金属壁に反射する足音だけが、やけに大きく響く。
――やっぱり、そうだよな。
頭では分かっていた。
期待なんて、最初からされていなかったのだ。
どれだけ訓練しても、
どれだけ真面目にやっても、
最後に見られるのは「危険かどうか」だけ。
「……くそ」
思わず、拳を壁に叩きつける。
鈍い痛みが走ったが、構わなかった。
何者にもなれない。
役に立たない。
ここにいていい理由が、どこにもない。
それでも心の奥では、叫んでいた。
――俺だって、できる。
――俺だって、必要とされたい。
そのときだった。
「悔しそうだね」
背後から、落ち着いた声がかかる。
振り向くと、そこにいたのは見慣れない男だった。
学院の制服とは違う、技術士官の証章。
年齢は三十代半ばほどだろうか。
「……誰ですか」
「ノルド。技術管理部の人間だよ」
柔らかな笑み。
だが、どこか距離を感じさせる目。
ノルドはユウを一瞥し、肩をすくめた。
「基礎投影、惜しかったな。出力は十分すぎるほどある」
「問題は制御だ。
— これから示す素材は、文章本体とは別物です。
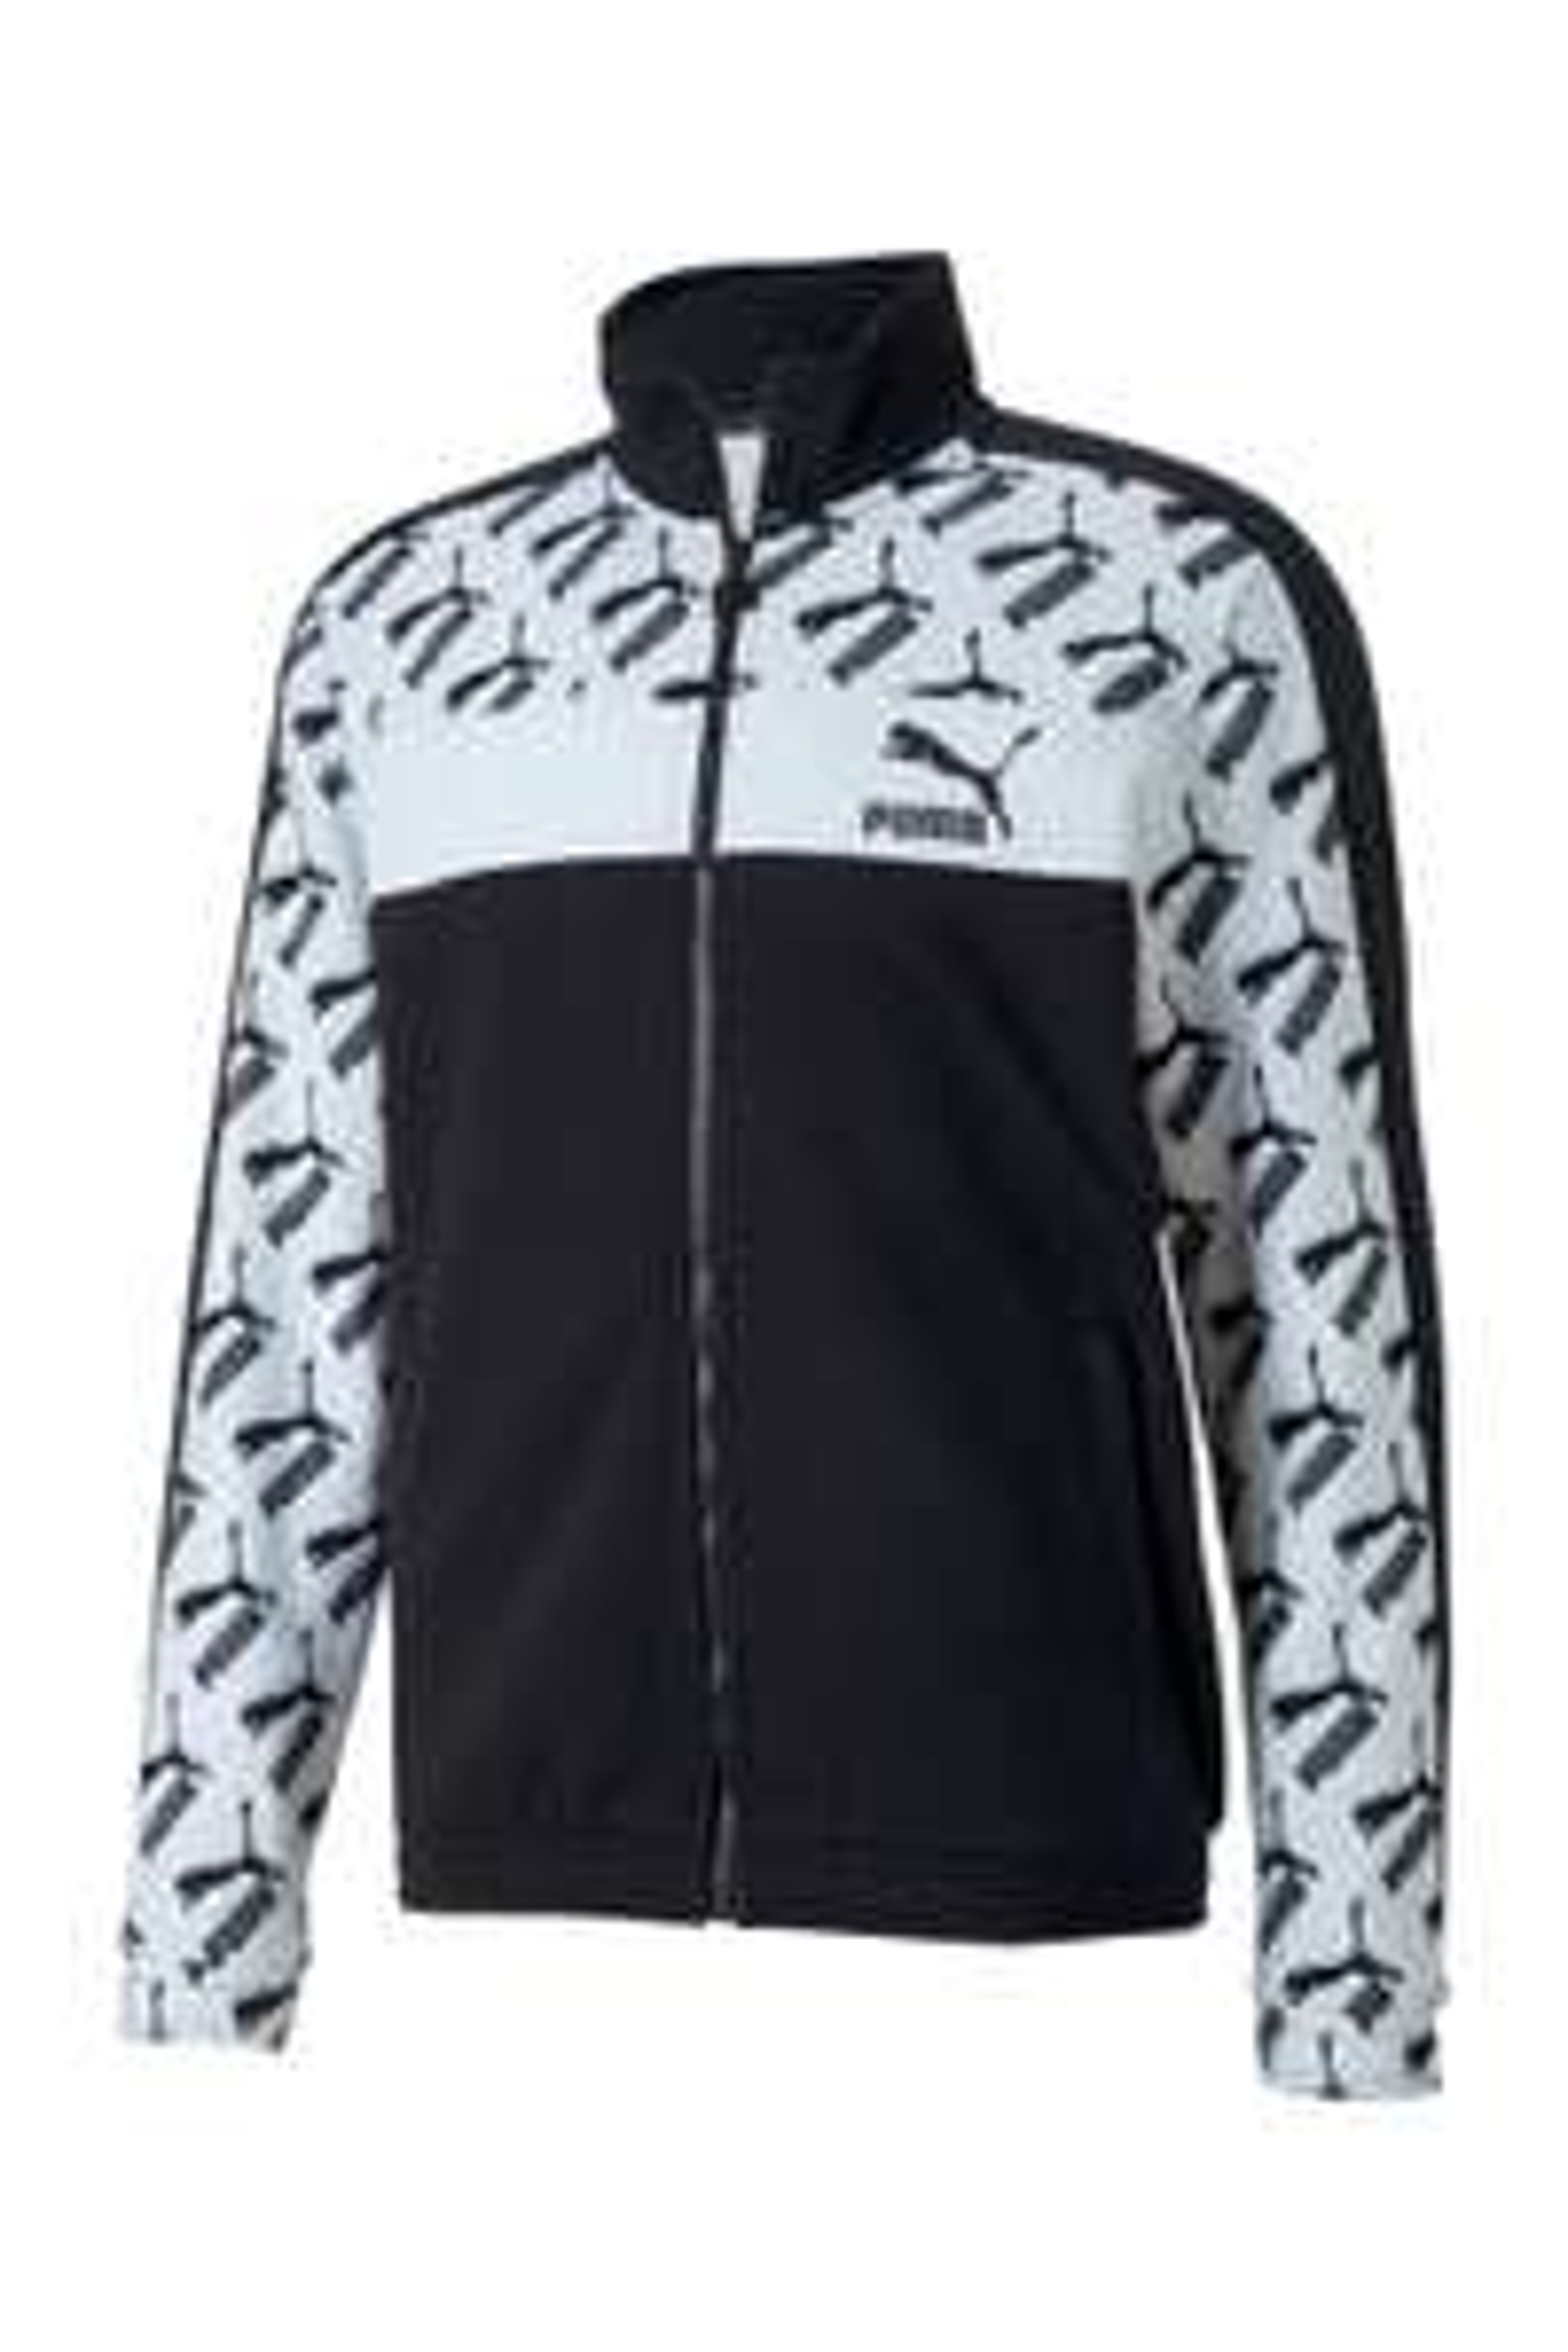 Puma vest met zwart witte logoprint [L + XL] @ Wehkamp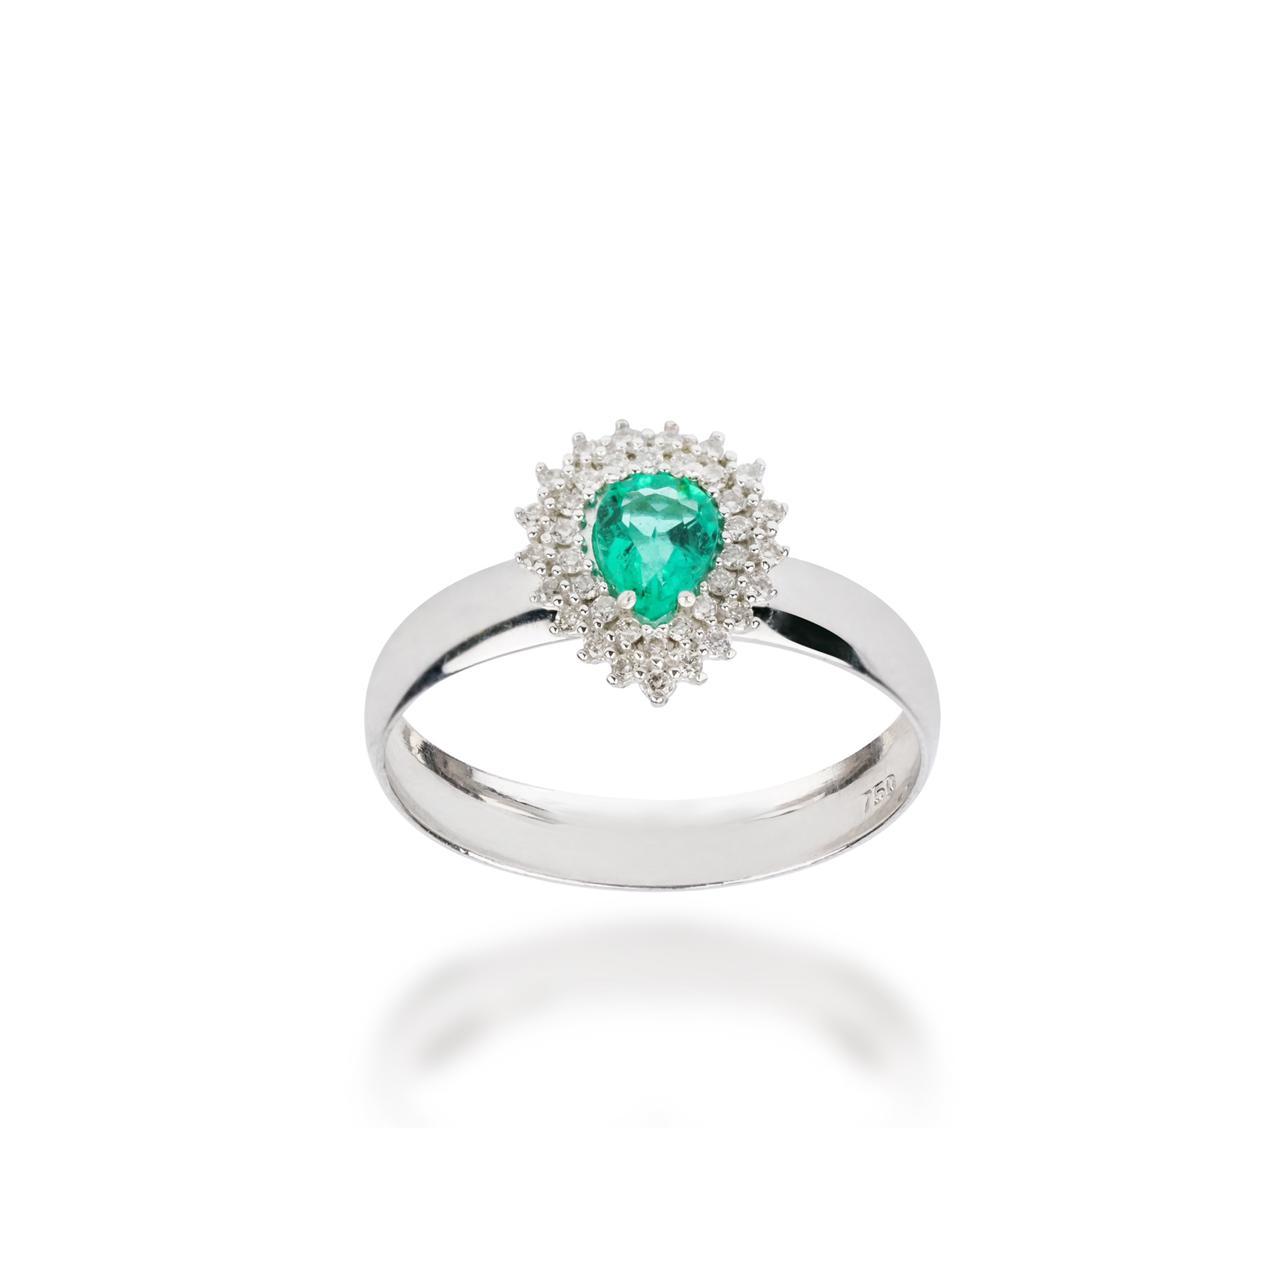 Anel Gota Esmeralda e Diamantes Ouro branco 18k

――いや、正確には“教え方”かな」
ユウは眉をひそめた。
そんな言葉をかけられたのは、初めてだった。
「……俺は、落第しました」
「知ってる」
即答だった。
「だからこそ、話がある」
ノルドは声を落とす。
「特別な方法があるんだ」
「君なら、“簡単に”卒業できる」
その言葉は、あまりにも甘かった。
「そんなの……」
「あるさ」
ノルドは、わずかに笑った。
「学院には、表に出せない記録がある。
正式な教材じゃないが……効果は保証する」
ユウの喉が鳴る。
「
「扱える人間は限られているが、君なら適合する」
危険、という言葉が頭をよぎった。
だが同時に、別の感情がそれを押し流す。
――認められる。
――必要とされる。
「……どうすればいい」
気づけば、そう口にしていた。
ノルドは何も言わず、
研究区画へ続く通路の方角を示した。
「選ぶのは君だよ、ユウ=アラタ」
夜。
研究区画は静まり返っていた。
監視をかいくぐり、
ユウは保管庫の前に立つ。
心臓が早鐘を打つ。
――戻るなら、今だ。
そう思った。
だが、指は止まらなかった。
ロックが解除され、
薄暗い室内に光が灯る。
中央の端末に表示された文字。
《オーバーコード》
ユウは息を呑んだ。
データを起動する。
膨大な情報が、視界に流れ込む。
理論、構造、応用――
理解できるはずがない内容のはずなのに、
なぜか、頭に入ってくる。
「……なんだ、これ」
無意識に手を伸ばした瞬間、
空間が歪んだ。
自分の視界の端に、
“もう一人の自分”が立っている。
次の瞬間、さらに増える。
一体。二体。三体。
同じ顔、同じ存在。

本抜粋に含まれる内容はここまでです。